Every now and then you read something that is utter bullshit. Things that are untrue, not factual and simply racist. It’s more disturbing when you read it in a so- called newspaper. It’s crystal clear that a new owner has done nothing to usher in fact based content in the UT.
Today, all you need to register to vote is to fill out a form, not even in person. With this bill, we increase the threshold for registration with documentation, identification and in-person verification of citizenship. Immigrant license holders are barred from registration, and Greenhut is smart enough to know that. He’s hoping you’re not.

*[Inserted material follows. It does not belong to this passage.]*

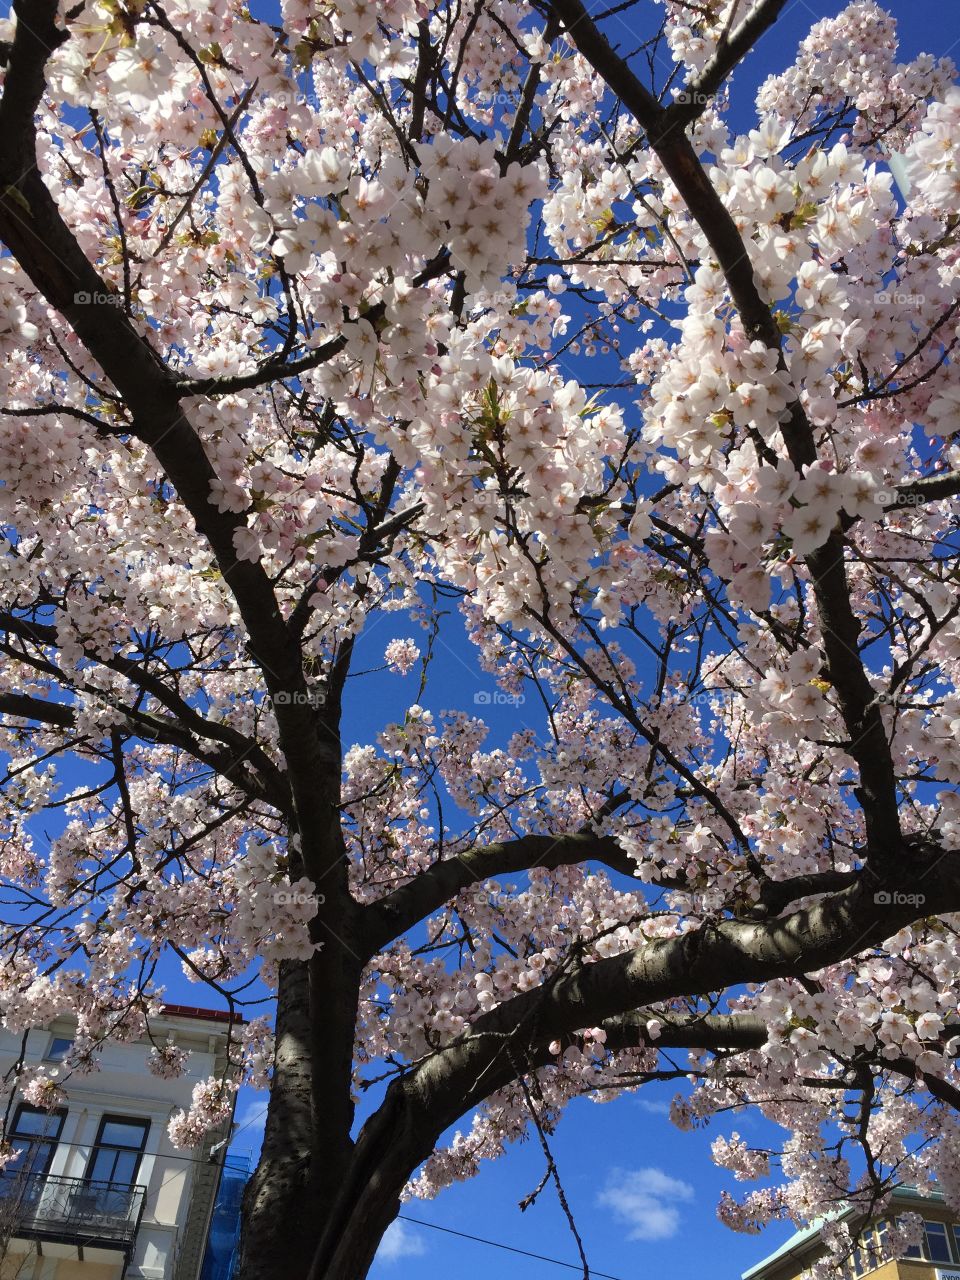 Low angle view of cheery blossom tree

Oregon’s (Green) Union Label
Salem, Oregon’s Statesman-Journal reports that collective bargaining contracts between cannabis workers and dispensaries are in progress. Contracts, which have already been approved at two workplaces, follow organizing efforts by the United Food and Commercial Workers Local 555, which represents more than 20,000 retail and manufacturing workers in Oregon and Washington.
Agreements already in place with at least two companies call for wages between $15 and $34 an hour, along with provisions for regular raises, health care, retirement options, and provisions for employee safety.
On This Day: 1879 – Joe Hill, labor leader and songwriter, was born in Gavle, Sweden. 1957 – RCA Victor announced that they had already received 500,000 advance orders for Elvis Presley’s Christmas album. 2001 – The U.S. and Great Britain began airstrikes in Afghanistan in response to allegations about that state’s support of terrorism and Osama bin Laden. The war continues today.